We're testing this at work and it seems to be working. Correct me if I'm wrong, but you can't safely do map-reduce while an insert is happening across shards. The versions become inconsistent and your map-reduce operation will fail. (If you find a solution to this, please do let me know! :)
We use bulk-inserts instead, once every 5 minutes. Once all the bulk inserts are done, we run the map-reduce like this (in Python):
m = Code(<map function>)
r = Code(<reduce function>)
# pseudo code
end = last_time + 5 minutes
# Use time and optionally any other keys you need here
q = bson.SON([("date" : {"$gte" : last_time, "$lt" : end})])
collection.map_reduce(m, r, out=out={"reduce": <output_collection>}, query=q)
Note that we used reduce and not merge, because we don't want to override what we had before; we want to combine the old results and the new result with the same reduce function.
You can get just the time portion of the ID using _id.getTime() (from: http://api.mongodb.org/java/2.6/org/bson/types/ObjectId.html). That should be sortable across all shards.
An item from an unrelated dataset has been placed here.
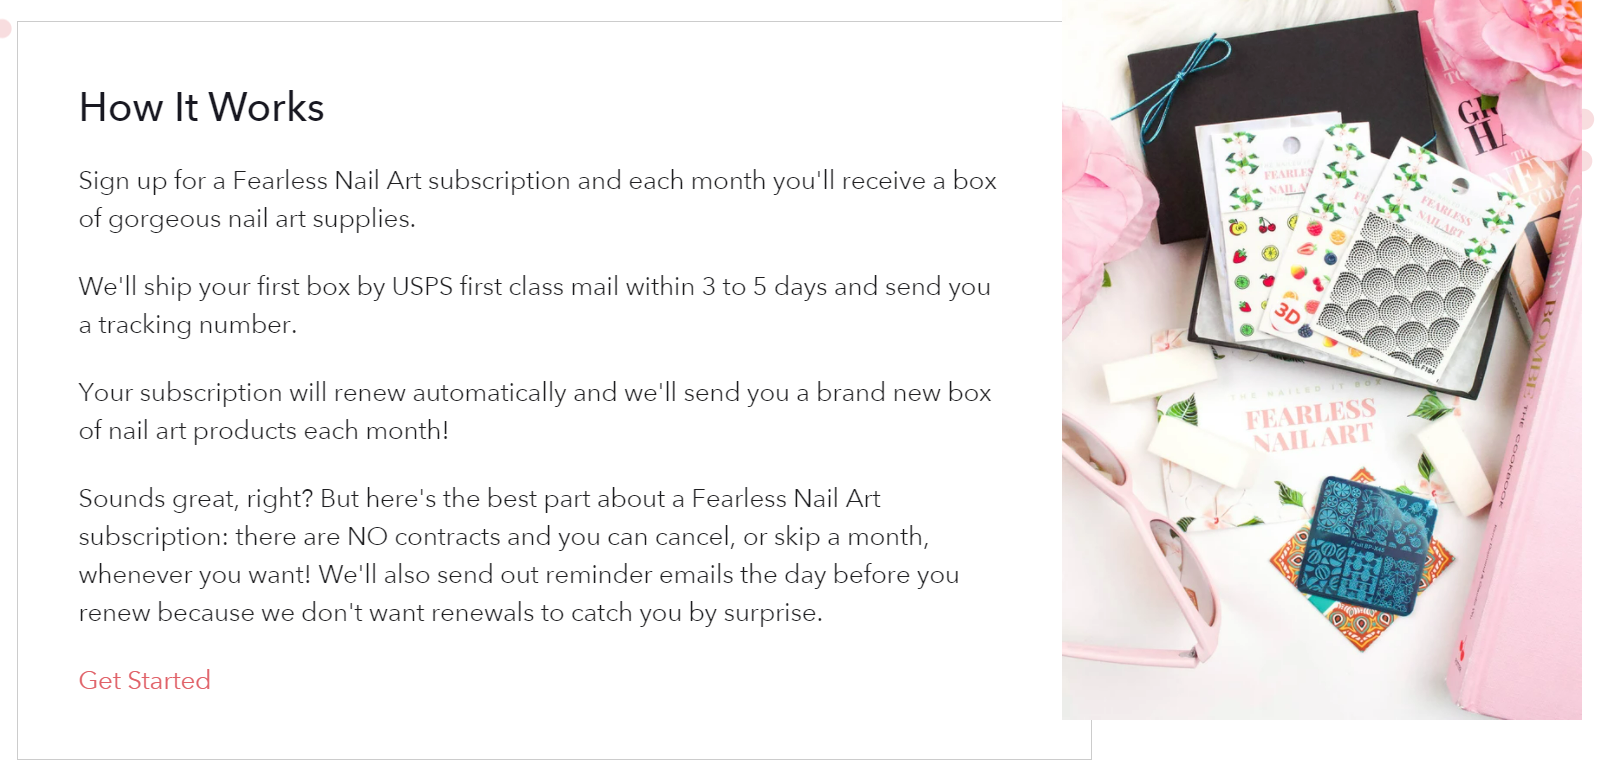 10. Nail Art Subscription Box by Scratch - wide 1

EDIT: Sorry, that was the java docs... The JS version appears to be _id.generation_time.in_time_zone(Time.zone), from http://mongotips.com/b/a-few-objectid-tricks/
I wrote up a complete pymongo-based solution that uses incremental map-reduce and caches the time, and expects to run in a cron job. It locks itself so two can't run concurrently:
https://gist.github.com/2233072
""" This method performs an incremental map-reduce on any new data in 'source_table_name'
into 'target_table_name'. It can be run in a cron job, for instance, and on each execution will
process only the new, unprocessed records.
The set of data to be processed incrementally is determined non-invasively (meaning the source table is not
written to) by using the queued_date field 'source_queued_date_field_name'. When a record is ready to be processed,
simply set its queued_date (which should be indexed for efficiency). When incremental_map_reduce() is run, any documents
with queued_dates between the counter in 'counter_key' and 'max_datetime' will be map/reduced.
If reset is True, it will drop 'target_table_name' before starting.
If max_datetime is given, it will only process records up to that date.
If limit_items is given, it will only process (roughly) that many items. If multiple
items share the same date stamp (as specified in 'source_queued_date_field_name') then
it has to fetch all of those or it'll lose track, so it includes them all.
If unspecified/None, counter_key defaults to counter_table_name:LastMaxDatetime.
"""
We solve this issue using 'normalized' ObjectIds. Steps that we are doing:
normalize id - take timestap from the current/stored/last processed id and set other
parts of id to its min values. C# code: new ObjectId(objectId.Timestamp,
0, short.MinValue, 0)
run map-reduce with all items that have id
greater than our normalized id, skip already processed items.
store last processed id, and mark all processed items.
Note: Some boundary items will be processed several times. To fix it we set some sort of a flag in the processed items.